Problems
Generally speaking, a problem is a task that an algorithm is trying to solve**.** An instance of the problem is a problem with a specific input**.** The example the College Board CED gives is that sorting is a problem while sorting the list [2, 3, 1, 7] is an instance of the problem.
Some examples of common problem types are decision problems and optimization problems. Decision problems have a yes/no answer, while optimization problems ask what the best solution is to the task at hand.
Finding out if a number is prime is a decision problem, because you can answer that question with a yes or a no. Finding the shortest path between two cities, on the other hand, is considered an optimization problem. It wants the best answer (in this case the shortest), not just an answer.

Efficiency
An algorithm's efficiency is an estimate of how many computational resources (like power, memory or time) it uses. It's officially expressed as a function of the size of the input. This just means that the efficiency varies based on the input size—the bigger the input, the more resources it'll use, and vice versa. There are formal equations to calculate it, but you don't have to know them for the AP CSP test.

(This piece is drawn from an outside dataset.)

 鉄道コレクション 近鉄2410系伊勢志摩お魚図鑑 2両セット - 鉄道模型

Informally, efficiency is measured by determining how many times a statement or statement group executes. Algorithms that run with a polynomial efficiency or lower are said to run in a reasonable amount of time while algorithms that run with an exponential or factorial efficiency run in an unreasonable amount of time.
Different correct algorithms for the same problem can have different efficiencies, just like how different ways to solve a problem can take longer or shorter or be more or less effective.

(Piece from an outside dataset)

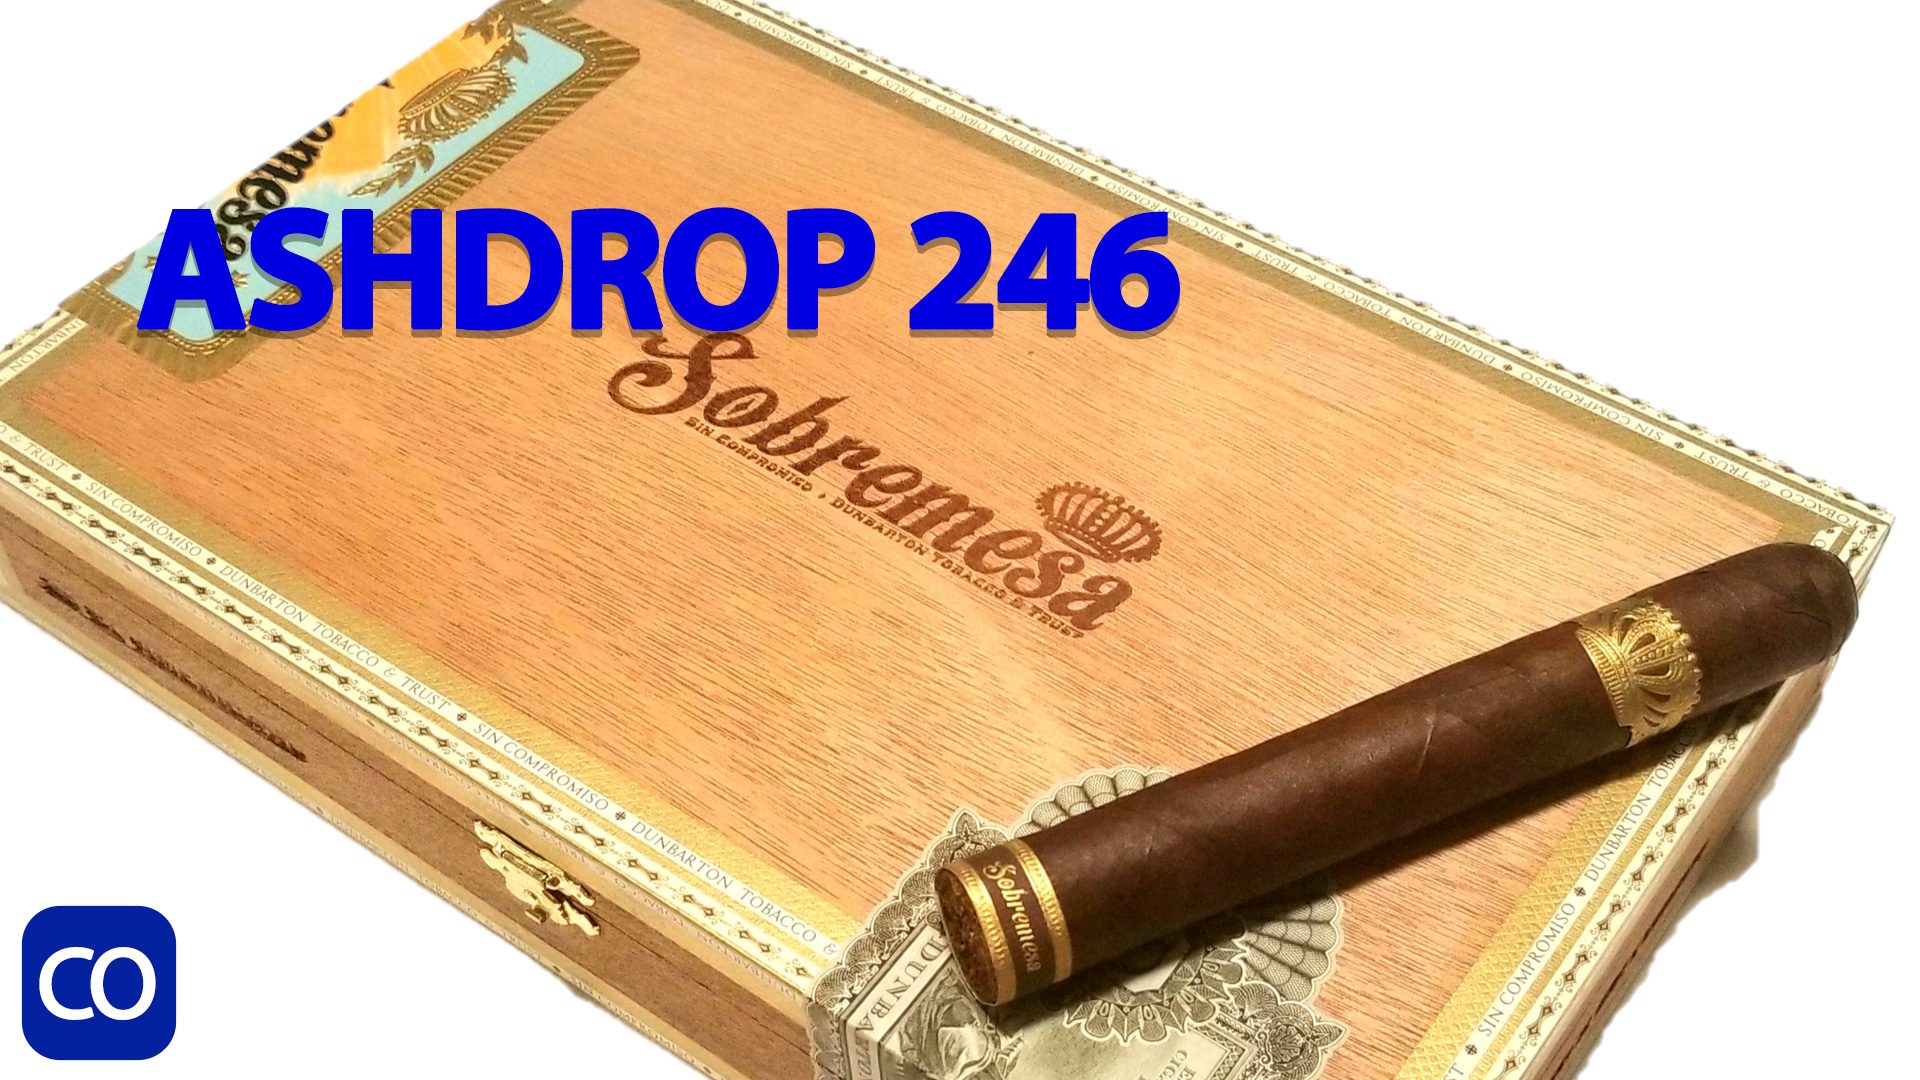 CigarAndPipes CO Ashdrop 246

Some problems can't be solved in a reasonable amount of time. In this case, computers turn to an approximate solution. The technique to find this approximate solution is known as a heuristic.
Frequently Asked Questions
How do I tell if my algorithm is efficient or not?

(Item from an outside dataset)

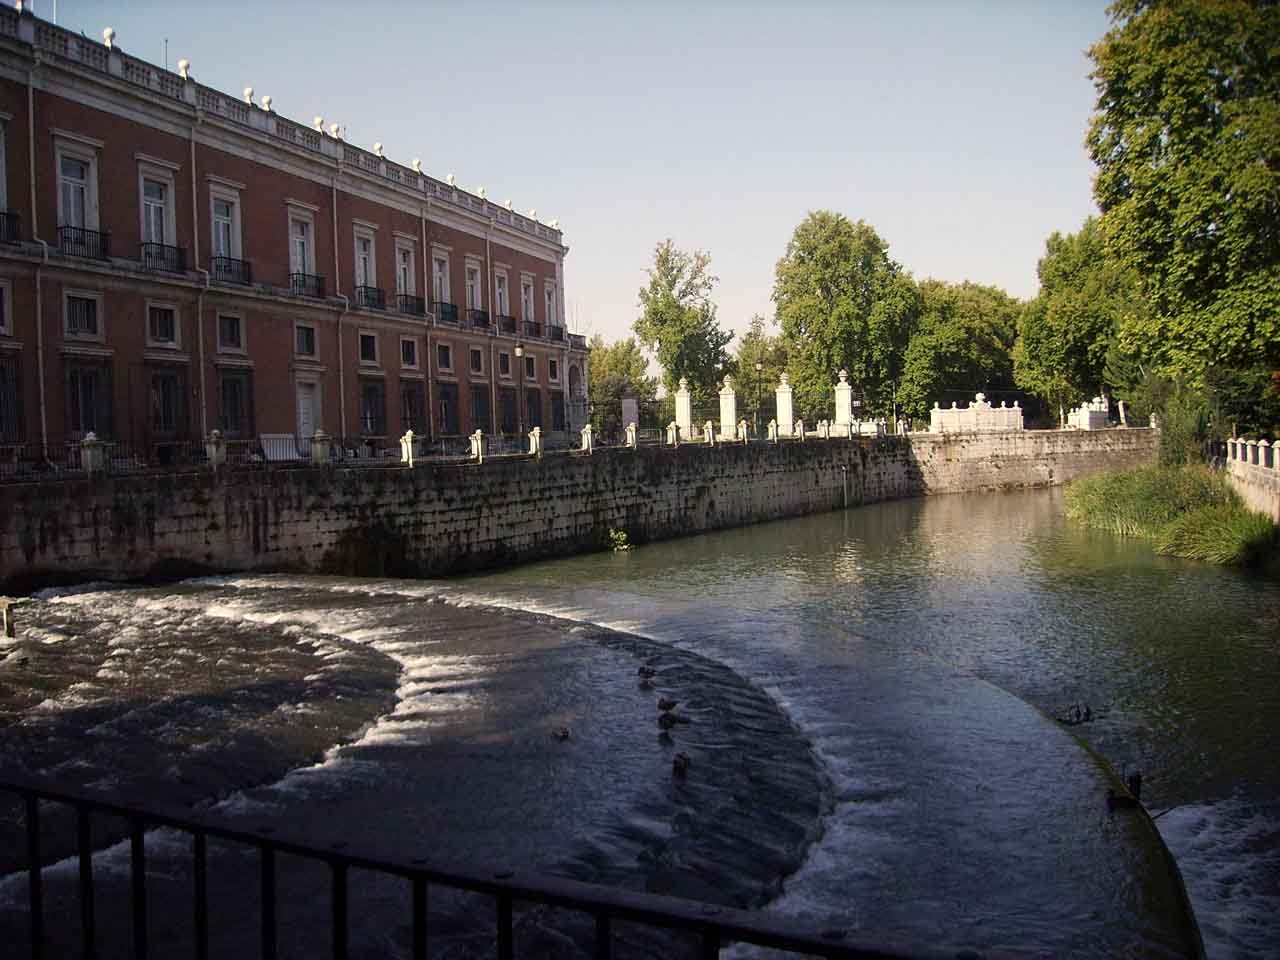 vista del palacio desde el jardin - Fuentes de Aranjuez

You tell if an algorithm is “efficient” by estimating how its resource use (usually time) grows as the input size increases. For AP CSP, do this informally—count how many times key statements run for different input sizes (EK AAP-4.A.5). If running time grows like a polynomial (constant, linear, quadratic, cubic, etc.) it’s considered reasonable; if it grows exponentially or factorially, it’s usually impractical (EK AAP-4.A.7). Different correct algorithms can have very different efficiencies (EK AAP-4.A.6), so compare counts on the same problem instance. If no efficient algorithm exists for a problem instance, use a heuristic or approximation that gives good-enough answers faster (EK AAP-4.A.8–9). For a quick review, see the Topic 3.17 study guide (https://library.fiveable.me/ap-computer-science-principles/unit-3/algorithmic-efficiency/study-guide/jGSWIqW49BtrQ8dqCWFd) and try practice questions (https://library.fiveable.me/practice/ap-computer-science-principles).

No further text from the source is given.